Últimamente, asistimos a una popularización de las marchas para “salvar” el planeta y en contra del cambio climático, en las que algunos activistas han alcanzado una gran visibilidad. En esta lucha, la Unión Europea encabeza todos los esfuerzos, a través de un compromiso sin precedentes de destinar a este fin al menos el 20% de su presupuesto hasta 2030: unos 200.000 millones de euros. Sin embargo, lo está enfocando por la vía de la obligación, y no por la promoción de incentivos.
Un claro ejemplo es que, desde el pasado julio, todos pagamos por las bolsas de plástico en los comercios. De forma similar, el Parlamento Europeo aprobó a finales de marzo la prohibición de los plástico de un solo uso, la cual entrará en vigor en los Estados miembros en 2021.
Esta última resulta una medida fácil de aprobar e implementar. Lo complejo consiste en buscar productos que cumplan funciones similares y sean más asequibles. Esto sucede, por ejemplo, con el embalaje de productos perecederos. ¿Existe una alternativa viable y, a la vez, más respetuosa con el medioambiente? Aún no hay respuesta.
Otro caballo de batalla es el reciclaje. Según Eurostat, la UE recicló en promedio el 55% de todos los desechos en 2016, lo que supone un aumento de tan solo tres puntos respecto a 2010. Los porcentajes varían sustancialmente entre los diferentes productos reciclados, destacando el de los materiales y construcción (67%), muy superior al de los plásticos (42,4%), y también entre los países europeos. En cuanto al plástico, Lituania está a la cabeza, con más del 74%, mientras que Estonia, en el extremo opuesto, tan solo recicla el 24,6%. España, se halla a mitad de tabla, con un 45,5%, ligeramente por encima de la media de la UE.
Independientemente de la tasa de reciclaje, no conviene basarlo todo en una legislación que penalice con fuertes sanciones a los infractores: no hacen falta esos extremos para favorecer una cultura que valore el disfrute de una naturaleza limpia. Resultaría más eficiente que la iniciativa contra la contaminación fuera de la mano del sector privado, porque este lo puede hacer, si no rentable, al menos con menor coste que si lo asume la Administración. Lo público es proclive a levantar barreras y lo privado, a aportar soluciones, que con frecuencia acaban transformándose en oportunidades económicas. Estas aumentarían el valor añadido del sector del reciclaje, nada desdeñable por otro lado: representa un 1,31% del PIB en Eslovenia, un 1,22% en Croacia, un 1,21% en Reino Unido o el 1,02% de España, lo que lo perfila como un atractivo nicho para inversores y emprendedores.
Lo que ha de reciclarse es el modus operandi de las instituciones europeas.

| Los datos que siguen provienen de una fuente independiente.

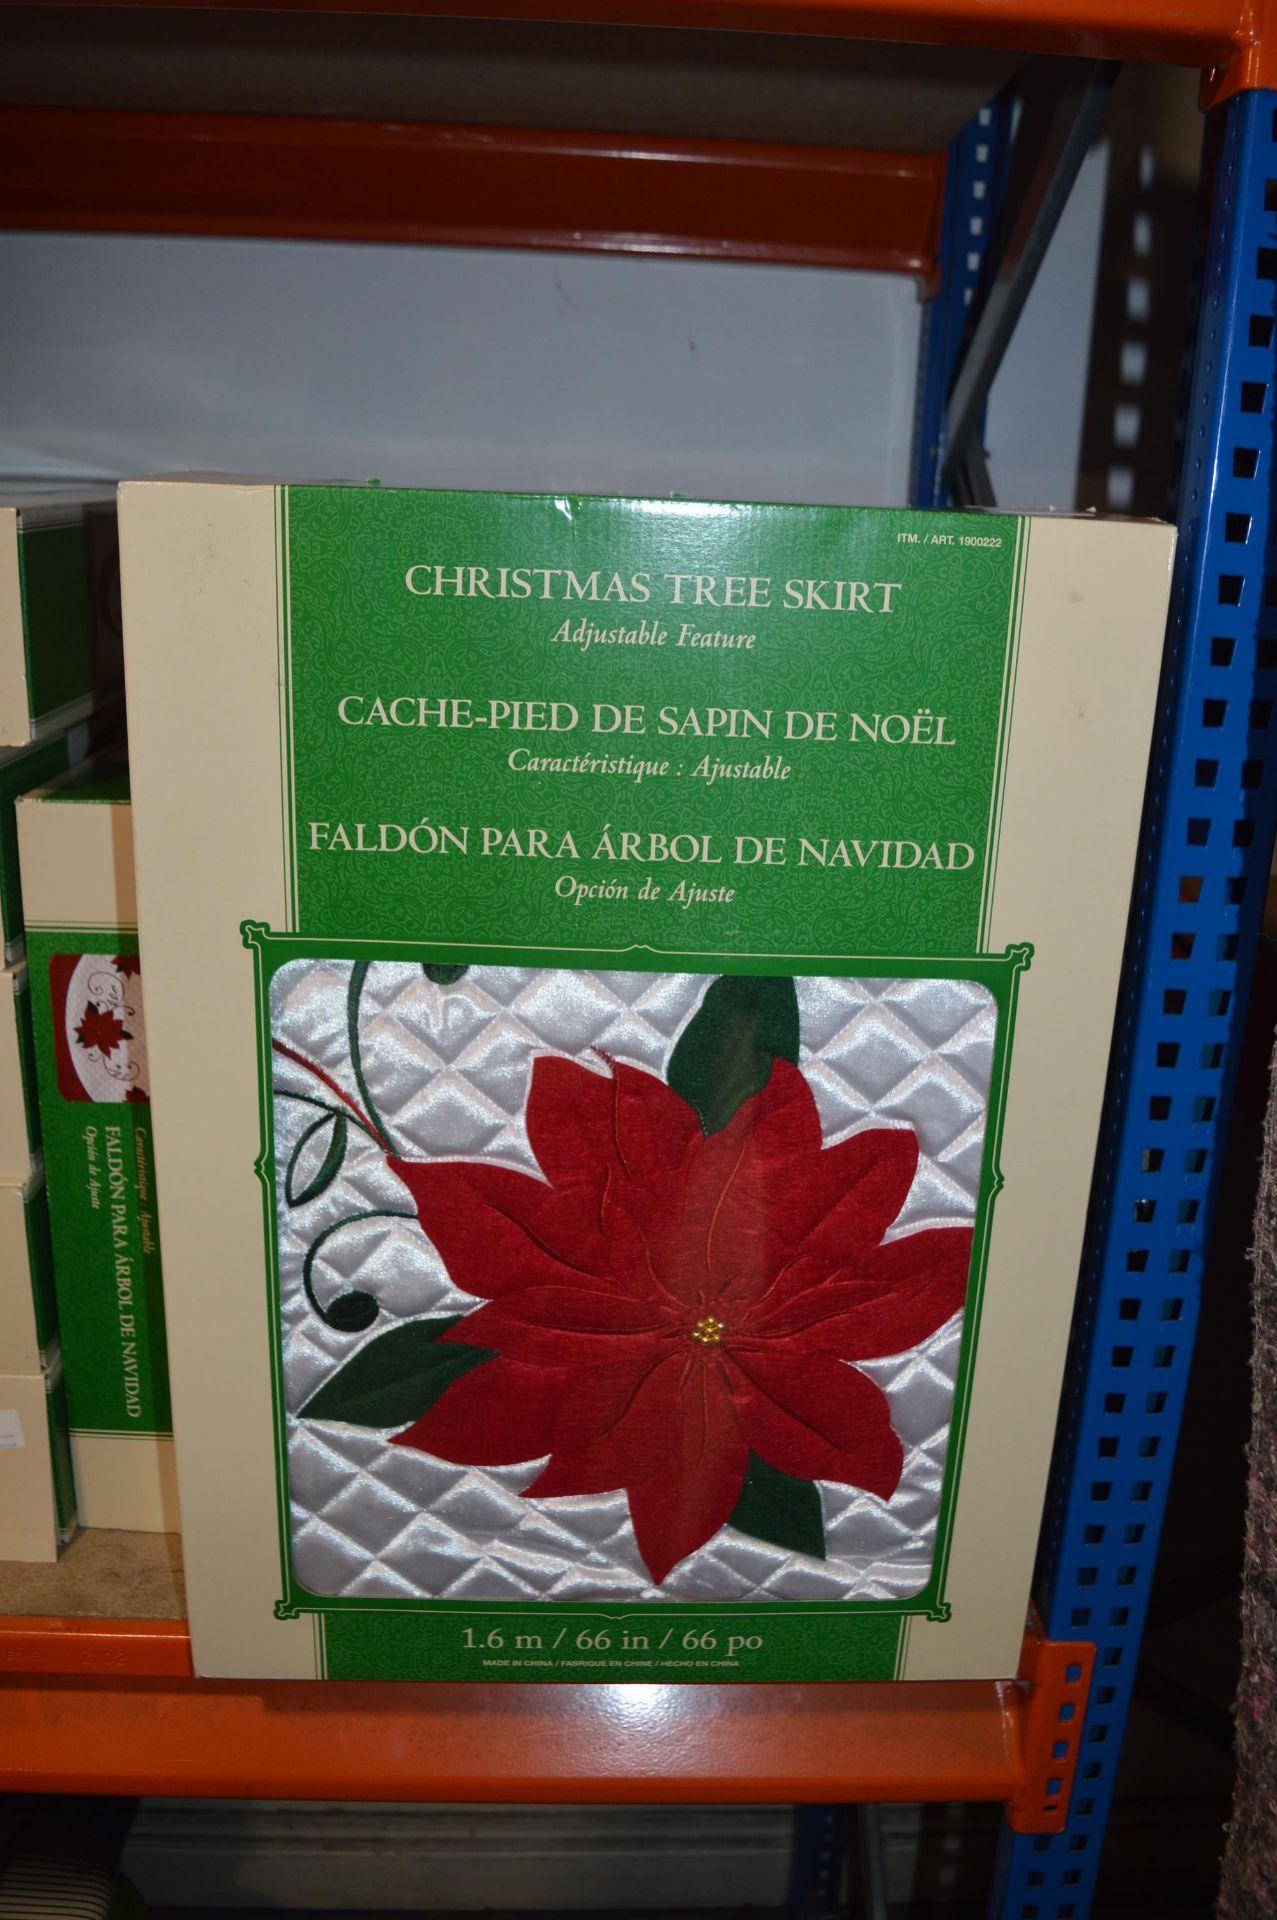 Lot 21 - *Christmas Tree Skirt 1.6m

No se logran antes los objetivos (si es que se logran) por la vía de la imposición regulatoria y la correlativa sanción. Siempre se ha de respetar la inviolable libertad de los ciudadanos y empresas. Las políticas públicas habrían de basarse en datos empíricos que avalen su viabilidad, y desmarcarse de consignas populistas como las de Greta Thunberg, última profeta del medioambiente, quien, con tan solo 16 años, amenazó en abril a los eurodiputados: “Quiero que entréis en pánico”.